Authors answer adequately the points I raised. Manuscript is OK for publication.

Author Response

We thank the reviewer for the positive comments.

Reviewer 4 Report

The responses that addressed point 4 and 5 need to be included in the Discussion.

Author Response

REVIEWER 4

The responses that addressed point 4 and 5 need to be included in the Discussion.

Response to reviewers’ comments

As requested by the reviewer, comments addressing points 4 and 5 have been included within the discussion at lines 574-589 and 561-562 respectively.

Reviewer 5 Report

The authors have addressed all of this Reviewer's concerns in the coverletter. However, some of the points regarding justification of the experimental design still need to be included in the manuscript itself.

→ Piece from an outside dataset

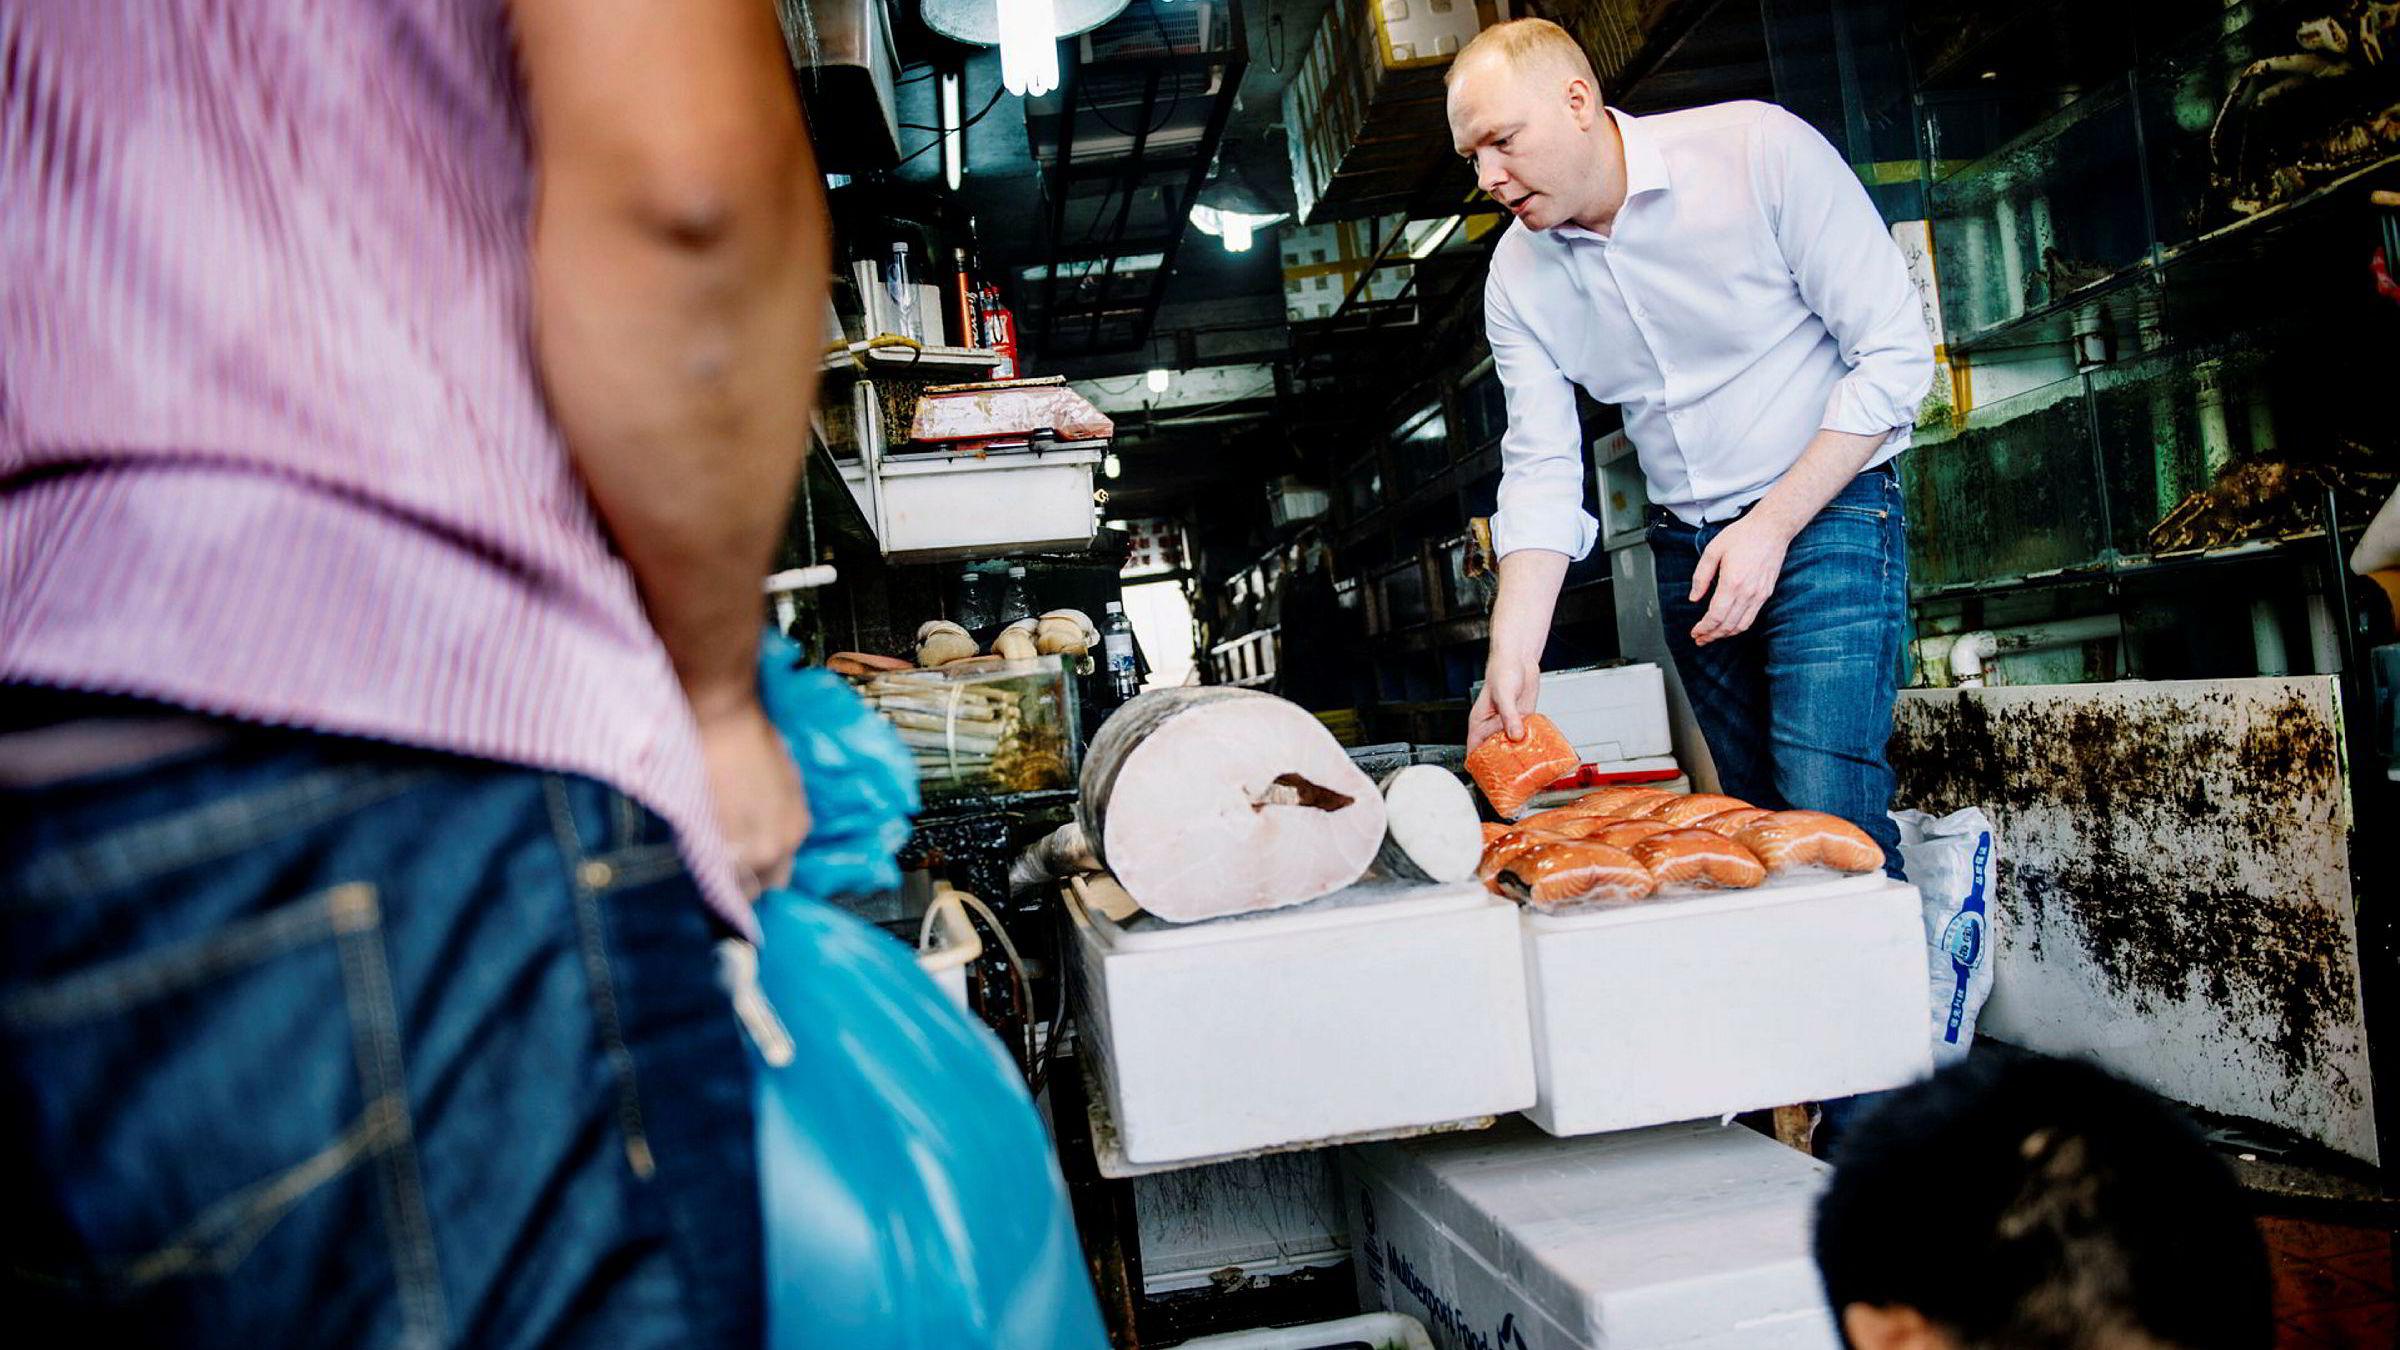 Sigmund Bjørgo fra Norsk sjømatråd er på det lokale fiskemarkedet i Shanghai og ser på laks. Etter flere år med stans av eksport av norsk laks til Kina, øker nå eksporten kraftig.

Please add brief comments (based on the responses in the coverletter) to the Methods section concerning points 1, 2, 3 (please add refs to 'Based on a conventional 470 threshold reported in literature, only cells containing >10 foci were considered positive.') and 7.

Author Response

REVIEWER 5

The authors have addressed all of this Reviewer's concerns in the coverletter. However, some of the points regarding justification of the experimental design still need to be included in the manuscript itself.

Please add brief comments (based on the responses in the coverletter) to the Methods section concerning points 1, 2, 3 (please add refs to 'Based on a conventional 470 threshold reported in literature, only cells containing >10 foci were considered positive.') and 7.

Response to reviewers’ comments

As suggested by the reviewer, comments concerning points 1,2, 3, and 7 have been added to the manuscript at lines 663-664, 667-669, 732-733, and 624-626, respectively. Moreover, references have been provided for foci threshold as requested (line 737).